Память протягивалась в прошлое, но с каждым назревающим днем возрастало нетерпение — в город, скорее в город, в нелюбимую суету, в тесноту и гул! И вот когда уже решилось, что завтра с дядюшкой они поедут, явился вдруг юноша. С нежною смуглотой лица, с дрожащей тенью на нем от длинных темных ресниц, казался он вовсе мальчиком.
— Меня зовут Амиром, — сказал юноша, — я учусь в медресе Иж-Буби. Позвольте сказать вам: шакирды очень любят ваши стихи, и… ей-богу, они не поверят, если я скажу, что встретился с вами. Мы в медресе издаем рукописный журнал…
— Признавайтесь сразу, — сказал он шутливо, — вы пишете стихи?
— Да.
— Как же я рад!
Давно ли он сам был шакирдом, выпускал с товарищами рукописный журнал, волновался, встречая Чулпаныя, бродягу и поэта, мечтал о необыкновенном будущем, — давно ли? Он вглядывался в юношу с тем недоверчиво-радостным чувством удивления, с каким вглядывается старший брат в младшего, выказавшего неожиданно здравое суждение.
— Мы, когда уходили из медресе, оставили после себя фолианты сочинений, если только мудрецы наставники не сожгли журналы. Ну, а вы довольны своими учителями?
В Иж-Буби работали умные и честные люди, учили молодых людей светским наукам, выступали за преподавание в медресе русского и других европейских языков. Клерикалы поносили медресе на чем свет стоит.
— С прошлого года у нас преподают родную литературу, — сказал Амир. — Мы очень ждем выхода хрестоматии, которую, слышно, вы составили.

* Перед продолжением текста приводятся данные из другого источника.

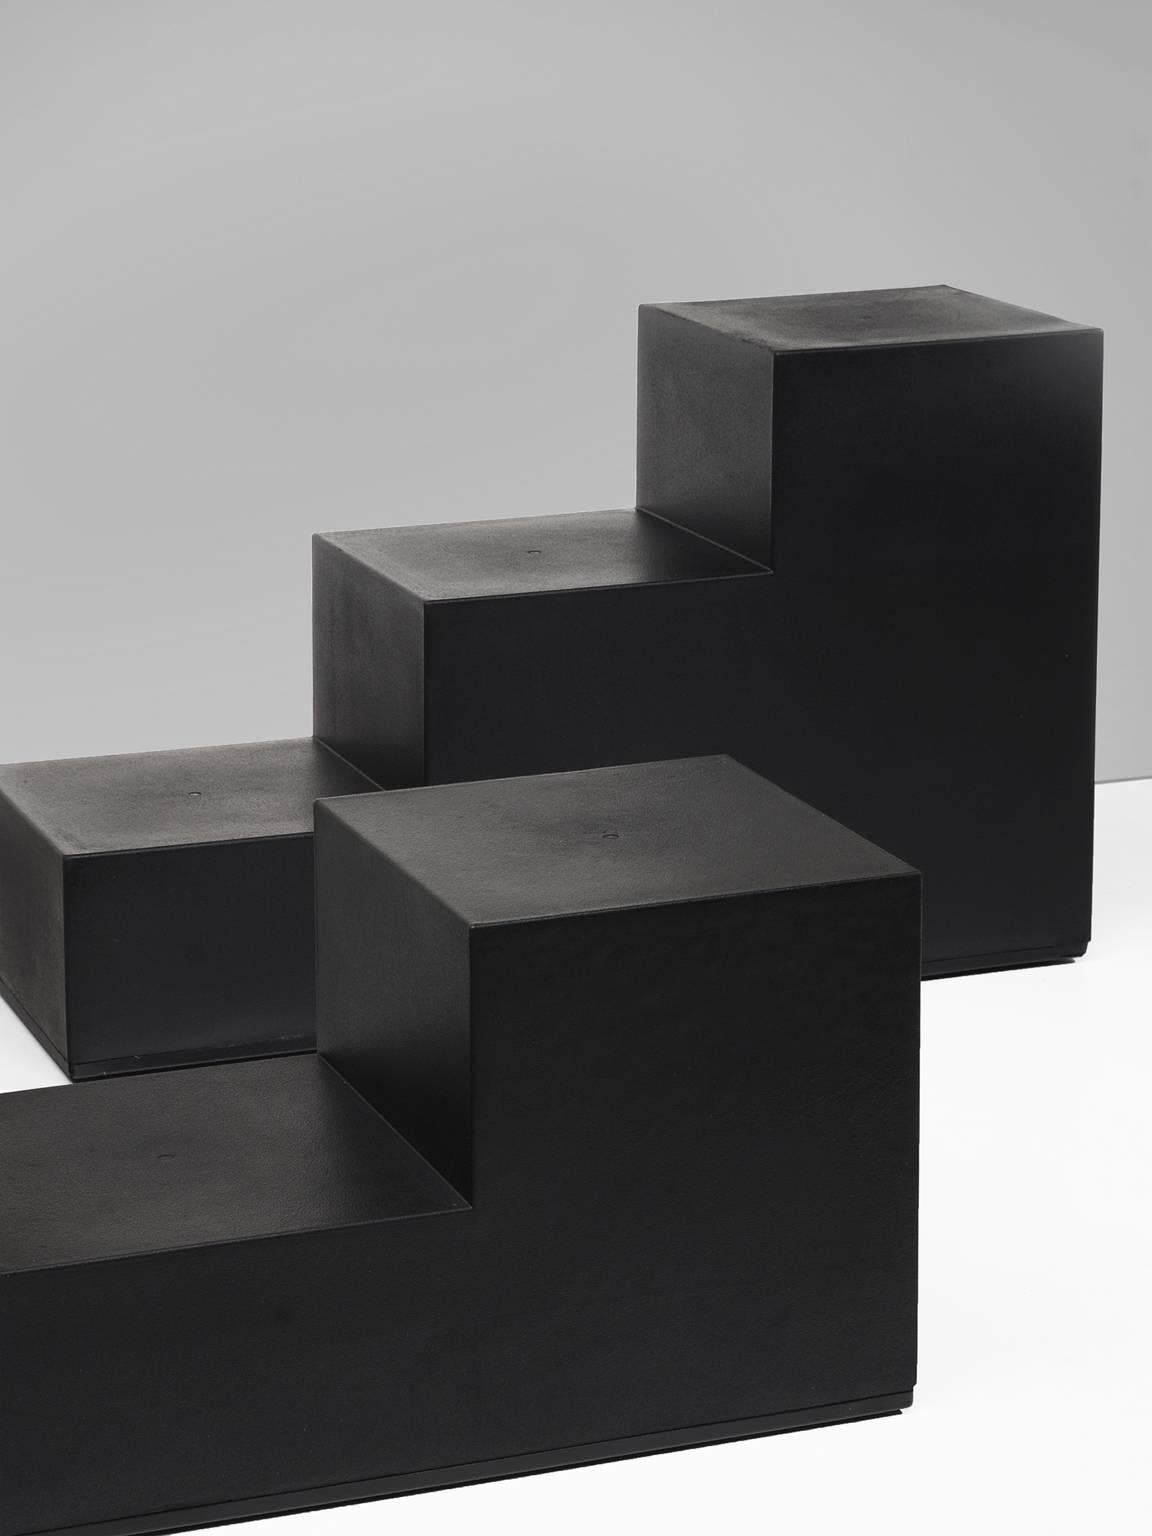 Side tables or seats, polyurethane in black, Mario Bellini for B&B, Italy, 1971. 

These versatile 'chess' building blocks can be used both as tables or seats. Signed with manufacturer's marks C&B and are made out of self-skinning polyurethane.

— Я и сам жду не дождусь, — засмеялся он, не скрывая, как ему приятно уже одно упоминание о его труде.
Они проговорили, наверное, часа два, а когда прощались, Амир протянул ему тетрадку.
— Я давно хотел показать вам свои стихи, но все откладывал, все думал: вот переведу «Шильонский узник»…
— Но почему, — сказал он изумленно, — почему именно «Шильонский узник»?
— Надеюсь, вы не станете смеяться, — ответил юноша. — Мне не нравится наше смирение, оно пугает меня… тем, что искренно. А ложно то, что мы кричим о свободе. Да, на словах требуем воли, а сами-то боимся ее, сами-то привыкли к несвободе. Мы тоже, как узник Шильона, неверны себе…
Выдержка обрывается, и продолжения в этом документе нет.